The article is purely theoretical and comparative analysis of two divergent approaches. It is related with the nature and role of money, the impact of money and its role on the financial sector and creating fluctuations in the economy. However, based on the discourse of the previous studies, the author of the research paper has attempted to develop the argument that:

  1. The invention of money is a great achievement in economics, but its role is to serve the humanity by facilitating the trade and commercial transactions. It is a means to achieve the objective. Whenever money is used as a commodity and traded for itself, it creates bubbles and a fake economy which may burst into financial crisis.
  2. There is a dire need to change the current role of money, and hence, also the monetary and banking and financial systems. The abolition of riba is not the only requirement of Islamic banking system.
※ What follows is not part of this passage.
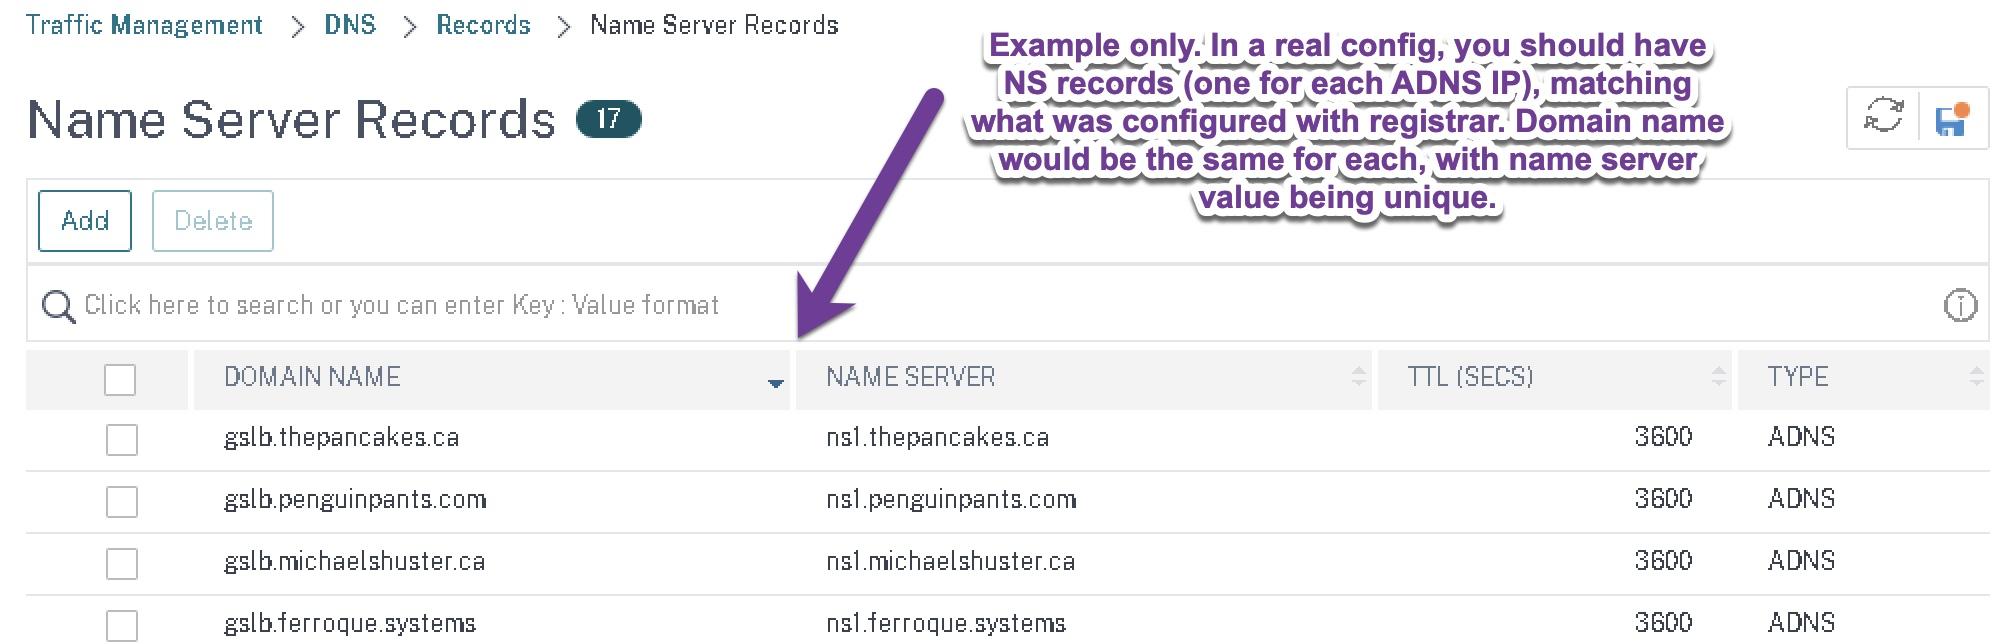 Citrix NetScaler ADC name server NS records example

The replication of conventional system will not make it Islamic unless the Shari’ah based and Shari’ah compliance both are realised.
  3. The revealed knowledge of the Quran and Sunnah can play a significant role in finding out the solutions of these problems which repeatedly are causing distortion in global economy. The human intellect is a great blessing of Allah (SWT), but it needs the guidance from the revealed knowledge.

Recommendations

Based on the discussion and conclusion of the article, the author suggests the following recommendations.* Money has to be used as a medium of exchange and standard of value and should not be used as a tradable commodity because it cannot satisfy any materialistic human wants directly, like food, etc. It can only be used in exchange to get those commodities which satisfy human wants.

  • Commercial banks should not be allowed to practise on the basis of fractional reserve system. Instead, the hundred percent reserve system has to be applied for stable and smooth banking operations.
  • The supply of money has to be controlled by the government; either a monetary authority or a central bank, and it should not be given in the hands of commercial banks in terms of credit creation or unknown sources as in case of cryptocurrencies.
  • It is recommended to keep a separation between investment banking and commercial banking institutions.
  • The banking and financial institutions are recommended to run their business on profit and loss sharing, rather than trading money as a tradable commodity and selling the debts on the basis of securitization and causing credit bubble and candyfloss economies.